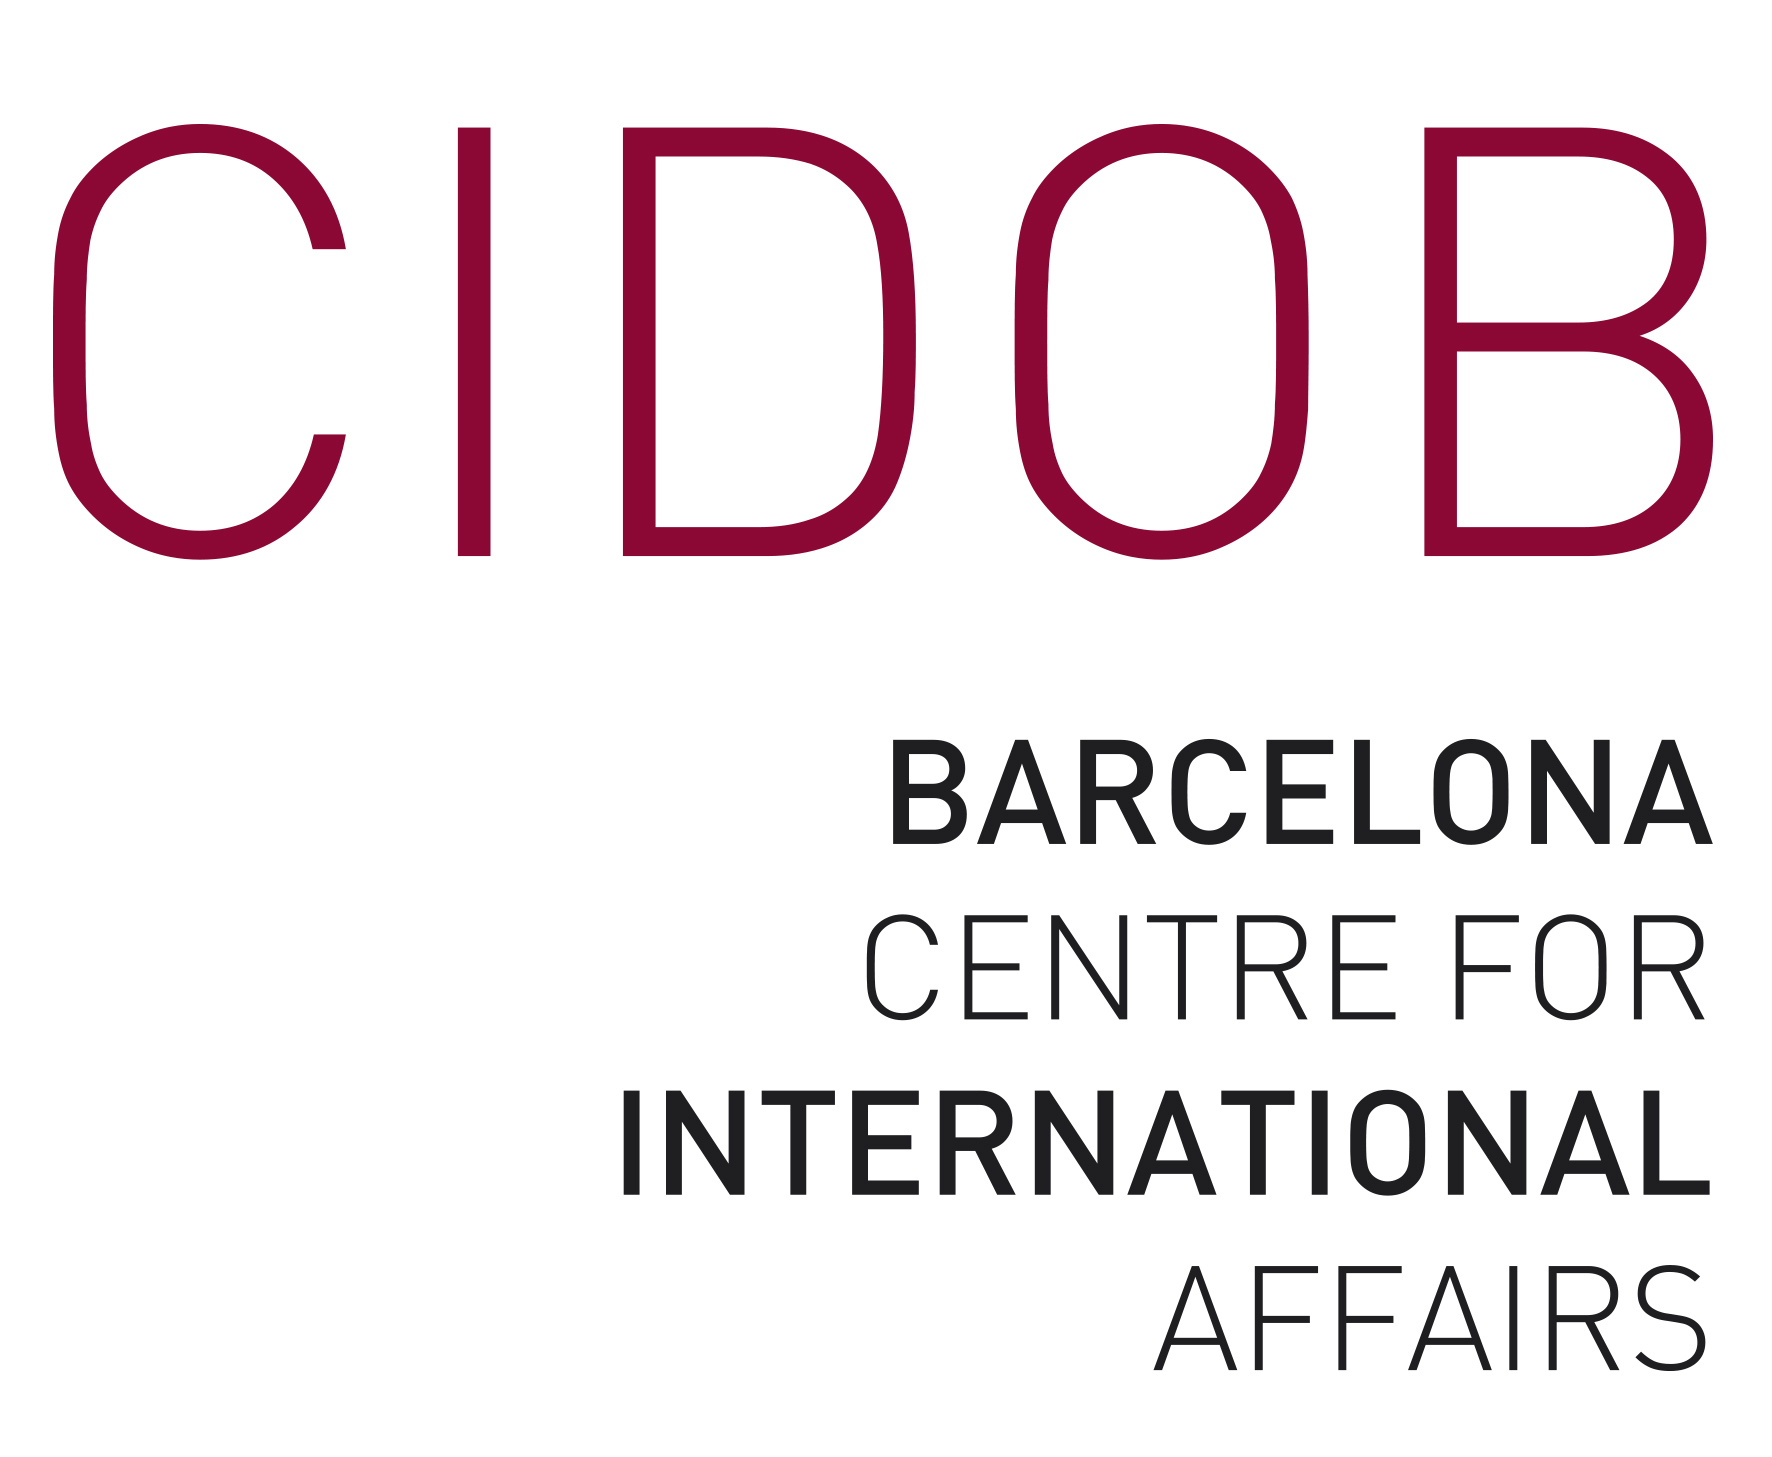 Barcelona Centre for International Affairs – CIDOB
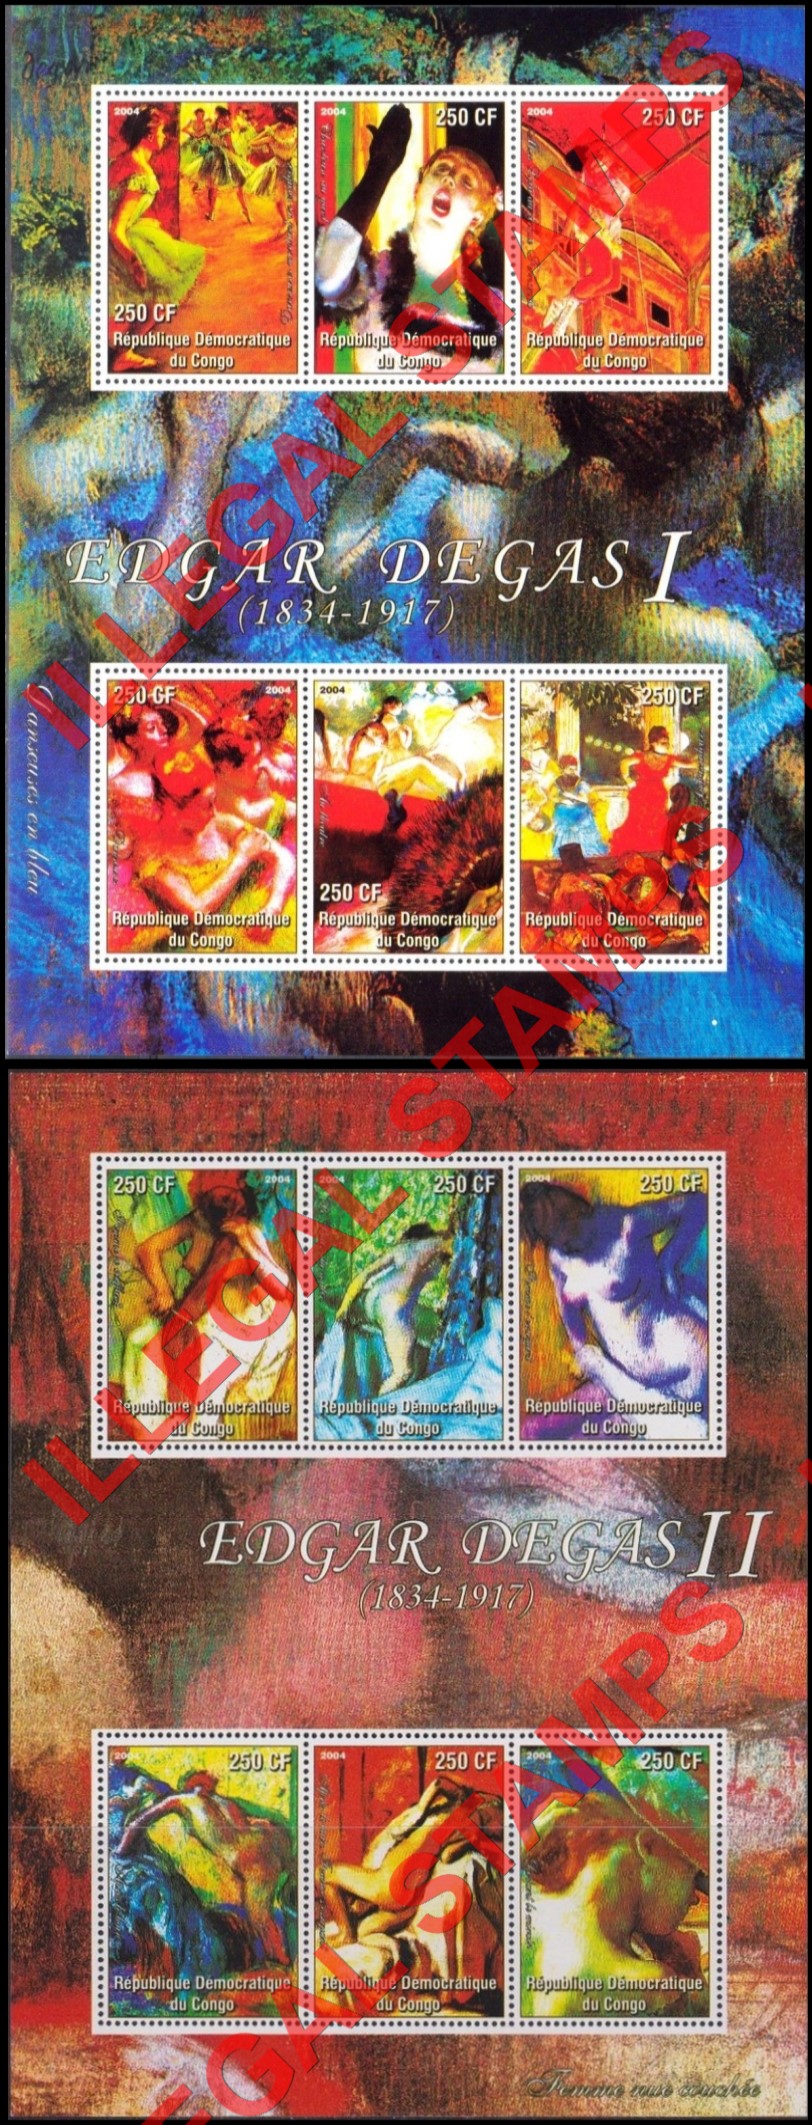 Congo Democratic Republic 2004 Paintings Edgar Degas Illegal Stamp Souvenir Sheets of 6
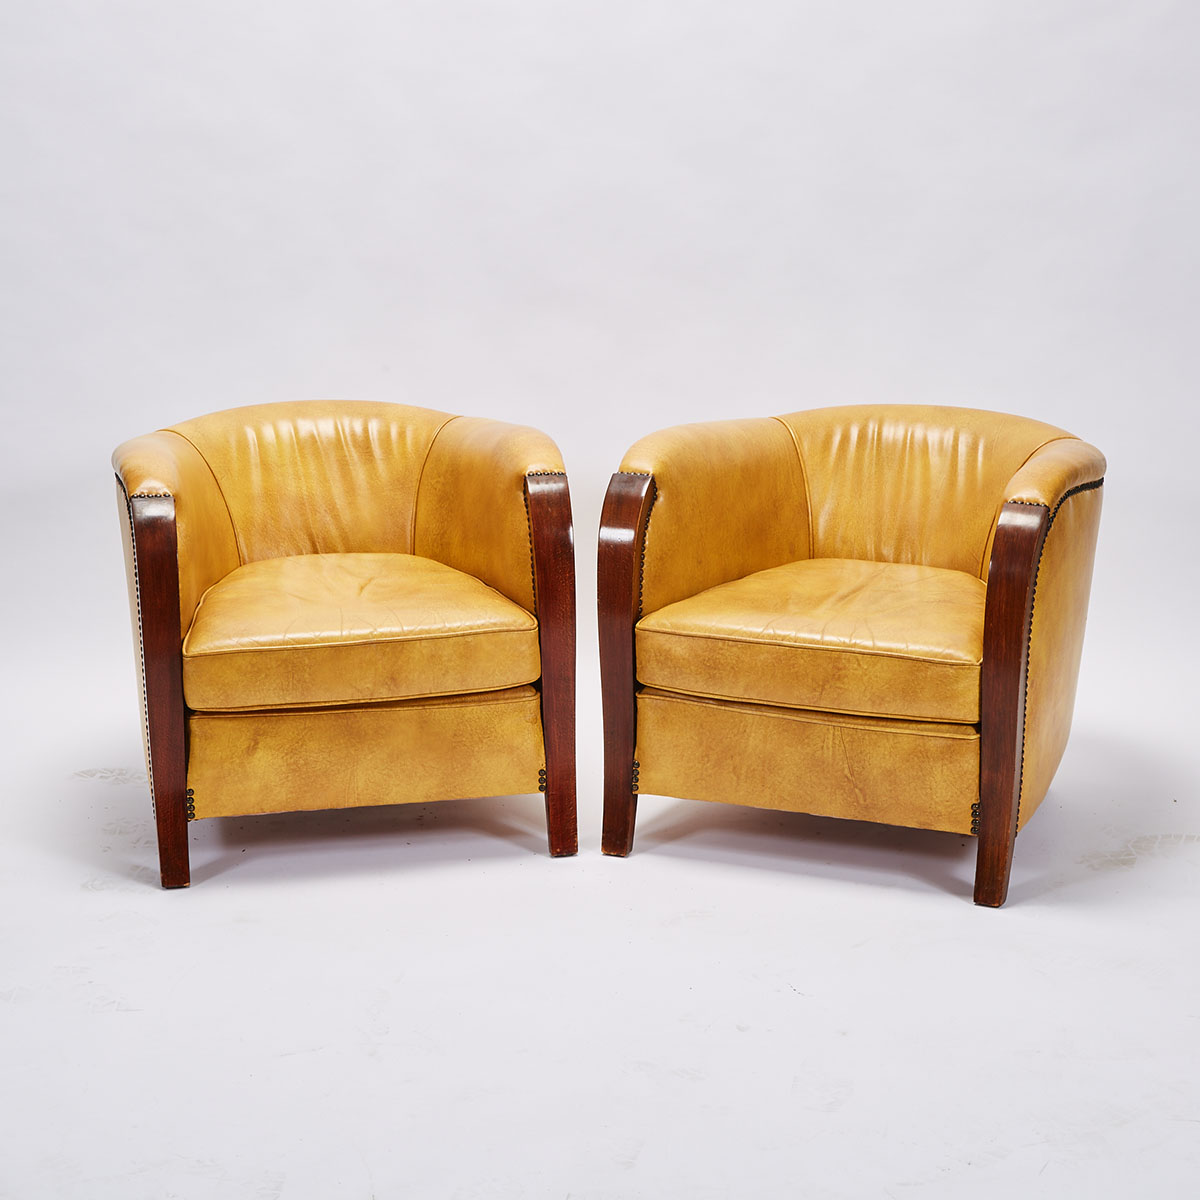 Pair of French Art Deco Mahogany Club Chairs, mid 20th century

+--

_What you need to do_
Before handing back the copy, remove the pictures; otherwise print the data exactly.

_Solution to the exercise_
 Barcelona Centre for International Affairs – CIDOB
 Congo Democratic Republic 2004 Paintings Edgar Degas Illegal Stamp Souvenir Sheets of 6
 Pair of French Art Deco Mahogany Club Chairs, mid 20th century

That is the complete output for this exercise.